Full 19-nucleotide complementarity matches of an siRNA to a transcript were identified using BLAST and were set to X ij  = 0.75, following a manufacturer’s statement of at least 75 % reduction of expression of intended on-targets [36]. The exact choice of this value did not affect model performance appreciably (Additional file 11), most likely because of dominating off-target effects (Additional file 12) [6, 37].

Transcript level scores predicted by TargetScan were aggregated to gene level by the arithmetic mean over all scores from transcripts corresponding to the same gene. For pooled libraries, we predicted off-target relations for each individual siRNA in the pool and computed the joint off-target relations of the pool as the maximum of all individual siRNAs in the pool. Using the maximum effect of all individual siRNAs in the pool, rather than the arithmetic mean of effects, led to an overall increase in concordance (Additional file 13).

We showed that our method is stable with respect to numerous alterations of the siRNA-to-gene target relation matrix, which disturb the original TargetScan predictions. For instance, we evaluated the performance of our model after adding increasing amounts of noise, or false positive and false negative target relations to the matrix, binarizing the matrix, changing the strength of the on-target effect, or keeping only strong off-target predictions above a certain threshold (see “gespeR’s performance under alterations to the siRNA-to-gene target relation” section in Additional file 4 and Additional file 11).

Model inference

The linear regression model is fit using elastic net regularization [17] with a group-lasso penalty [38], such that:

$$ \widehat{\beta}=\underset{\beta \in {\mathrm{\mathbb{R}}}^{p\times k}}{\mathrm{argmin}}\frac{1}{2n}{\displaystyle \sum_{i=1}^n}{\left\Vert {y}_i-{\beta}^T{x}_i\right\Vert}_F^2+\lambda \left[\left(1-\alpha \right){\left\Vert \beta \right\Vert}_F^2/2+\alpha {\displaystyle \sum_{j=1}^p}{\left\Vert {\beta}_j\right\Vert}_2\right] $$

where y i is the i-th row of the n × k response matrix and β j is the j-th row of the p × k coefficient matrix β. We place a group-lasso penalty on each coefficient k-vector β j for a single predictor x j . For k > 1 the group-lasso penalty enforces all coefficients for a predictor to be zero or nonzero together, whereas for k = 1 (univariate response), the penalty degenerates to the normal lasso.
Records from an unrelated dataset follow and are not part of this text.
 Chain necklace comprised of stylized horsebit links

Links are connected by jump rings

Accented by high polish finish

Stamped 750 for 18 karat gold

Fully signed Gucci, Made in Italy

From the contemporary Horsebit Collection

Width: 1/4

The parameter λ determines the amount of regularization and α is the mixing parameter between the ridge and lasso penalty with 0 ≤ α ≤ 1. The elastic net penalty selects variables (genes) like the lasso, and shrinks together the coefficients of correlated predictors like ridge. This allows for a sparse solution of GSPs, while retaining simultaneous selection of genes with similar RNAi reagent binding patterns in their respective 3’ UTRs. In addition to this biological motivation for using elastic net regularization, small-scale screens, with only a few hundred RSPs for thousands of genes, lead to underdetermined systems, unidentifiable without regularization. We performed tenfold cross-validation to estimate the parameter λ using the mean-squared error (MSE) as loss function and fixed α at 0.5.
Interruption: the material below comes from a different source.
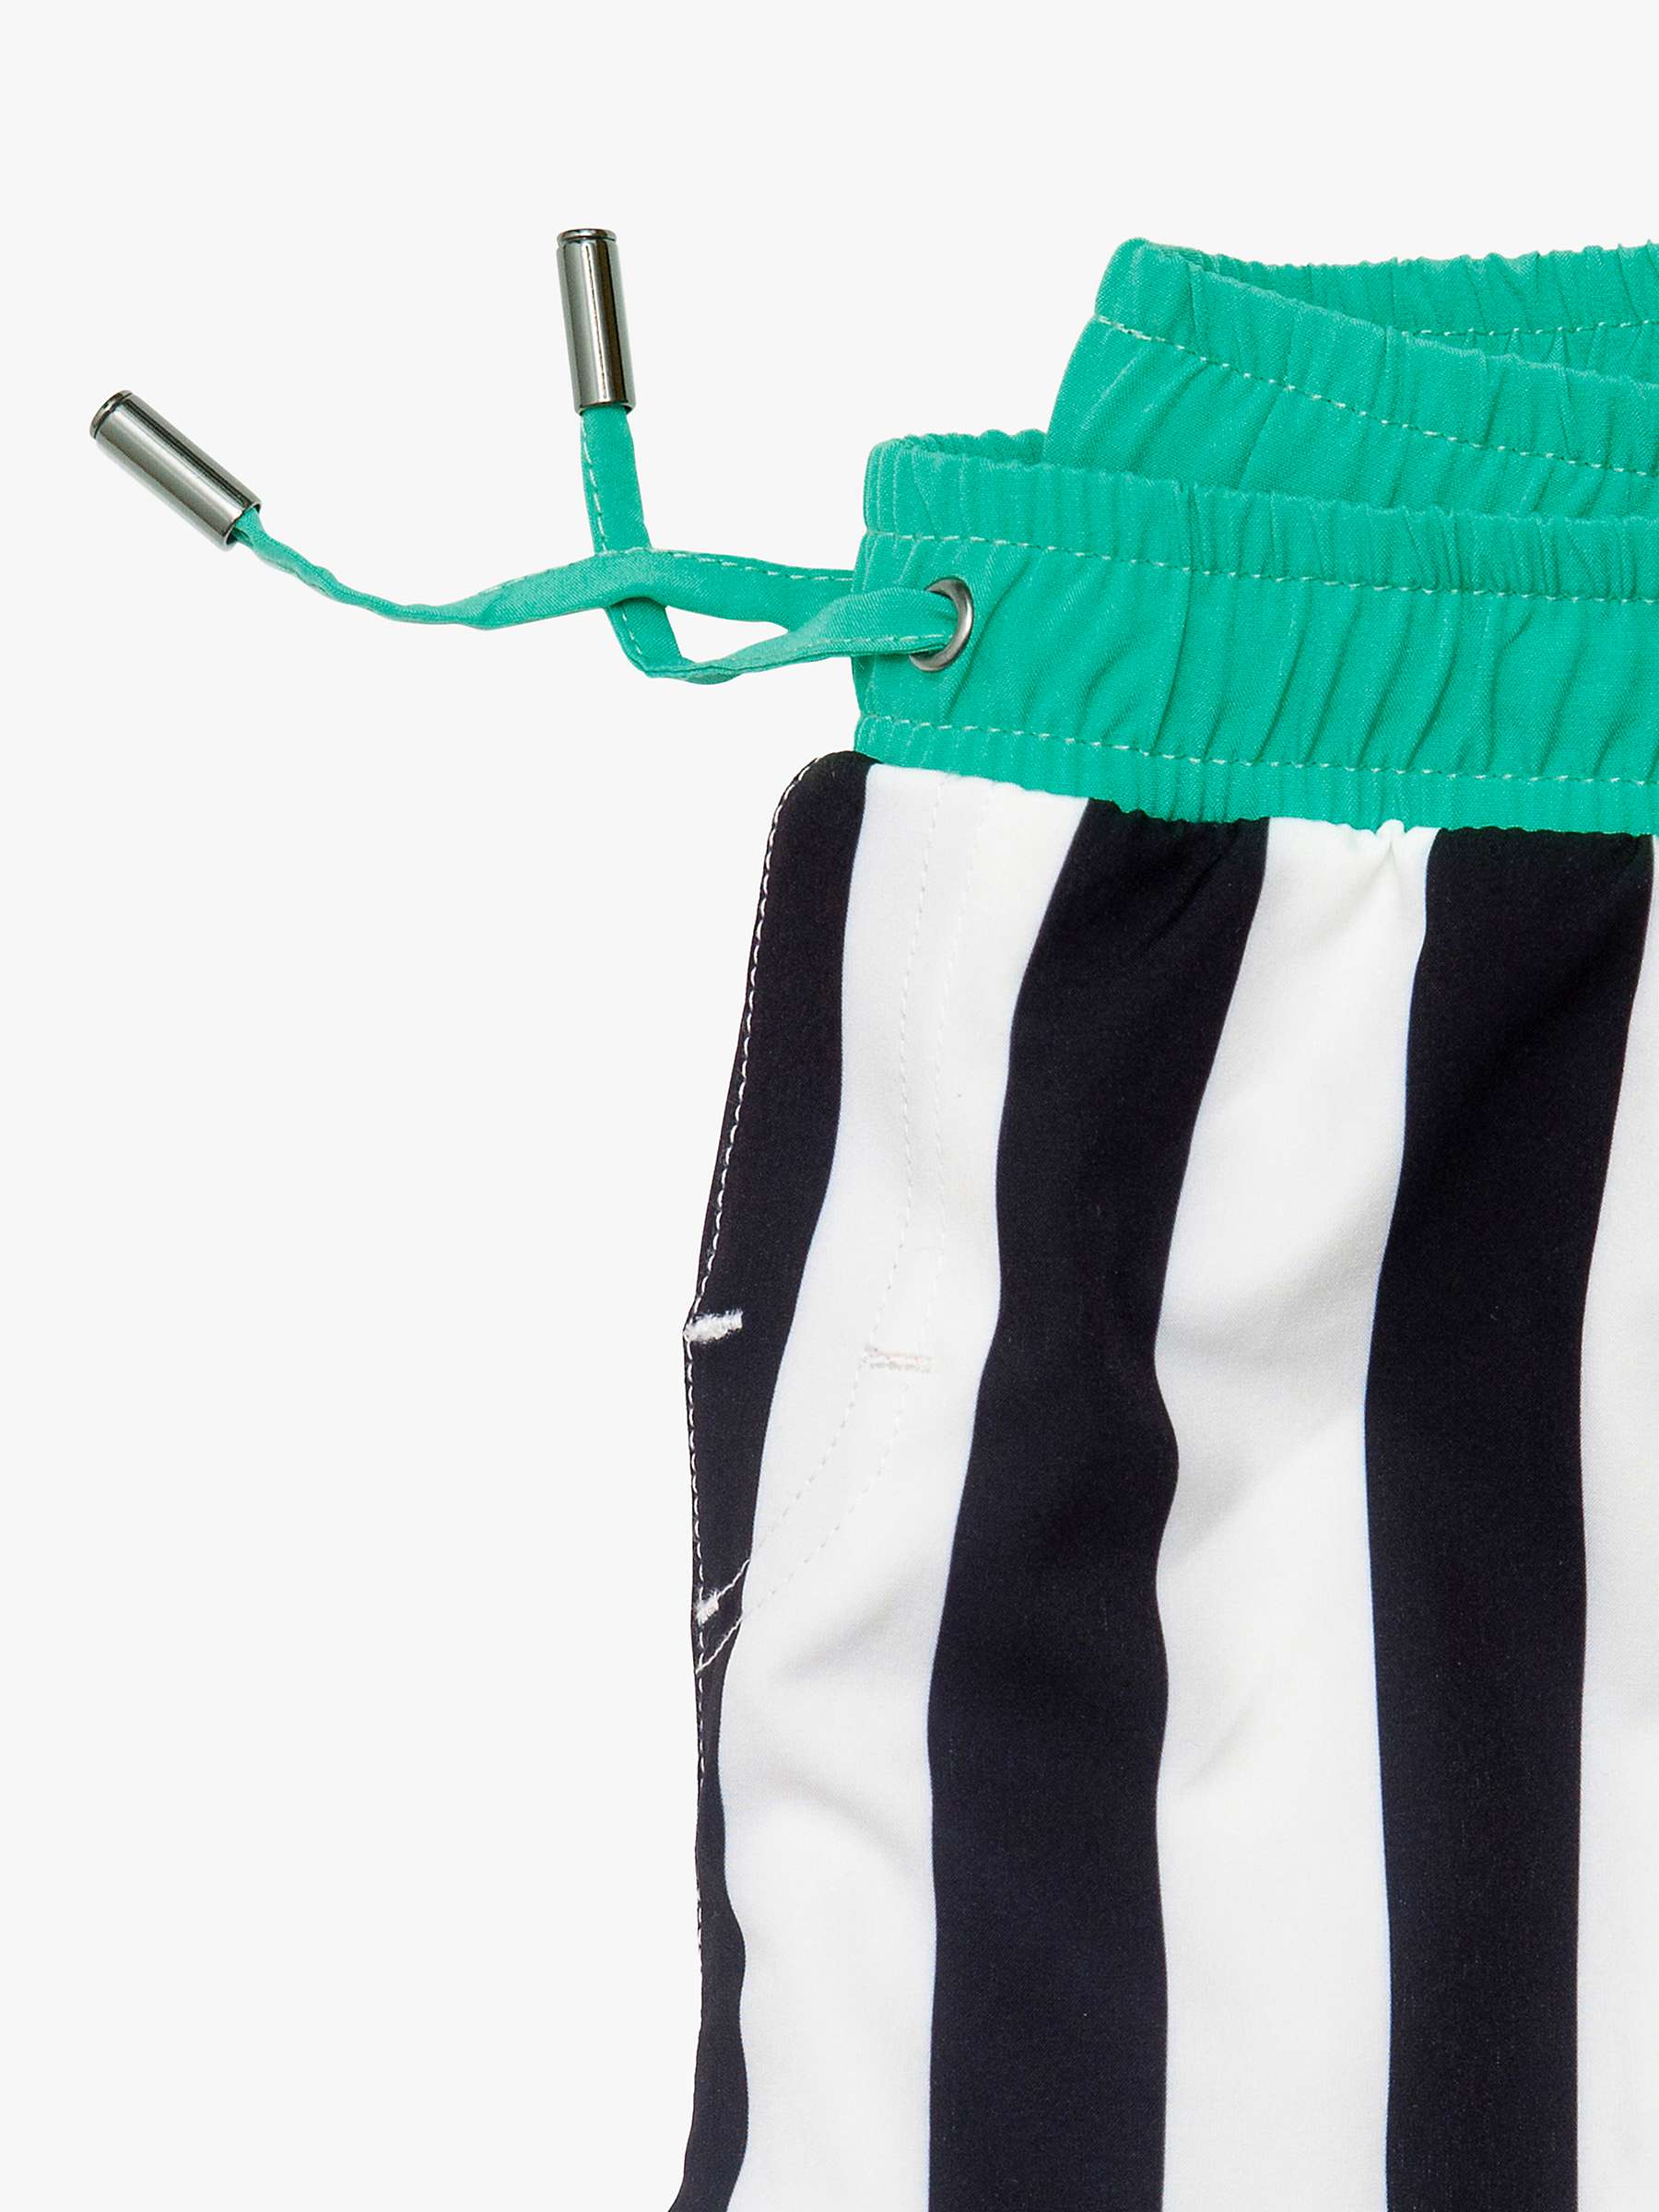 Buy Roarsome Patch Striped Swim Trunks, Black/White Online at johnlewis.com

Necessary conditions for model validity

Concordance between estimated phenotypes for the same gene and the ability of the model to predict unseen phenotypes are necessary conditions for not rejecting the model prior to any follow-up analysis. Indeed, first, if phenotypes estimated from two independent sets of RNAi reagents targeting the same gene are not concordant, it is impossible to unambiguously identify the impact of the respective gene on the phenotype. Hence, only concordant phenotypes can yield reliable results that are interpretable on the single-gene level. Second, the fact that a model fails to predict unseen data indicates that it was misspecified or poorly fitted to the training dataset, and that it does not accurately capture the structure inherent to the modeled system.

Comparison of the gespeR and haystack models

Haystack is related to gespeR in the sense that it is also a regression model with similar assumptions of combinatorial siRNA phenotypes. The major improvement of gespeR over haystack is a refined variable (i.e., gene) selection procedure. Forward variable subset selection, as applied in haystack, is a discrete and greedy process and therefore exhibits high variance, which is reduced in our model by using elastic net shrinkage [17]. The haystack method models observed combinatorial phenotypes based on off-target effects alone. In contrast, gespeR models combinatorial RSPs based on both on- and off-target effects. In addition, gespeR uses a more involved methodology for siRNA off-target prediction, relying on the TargetScan context + score, considering additional features, such as seed-pairing stability and target abundance in addition to the basic linear model [34]. Moreover, gespeR does not average over phenotypes stemming from siRNAs with the same seed prior to model fitting, maintaining information from individual siRNAs. In contrast to haystack, gespeR can be applied to multivariate phenotypes, e.g., stemming from image-based screens.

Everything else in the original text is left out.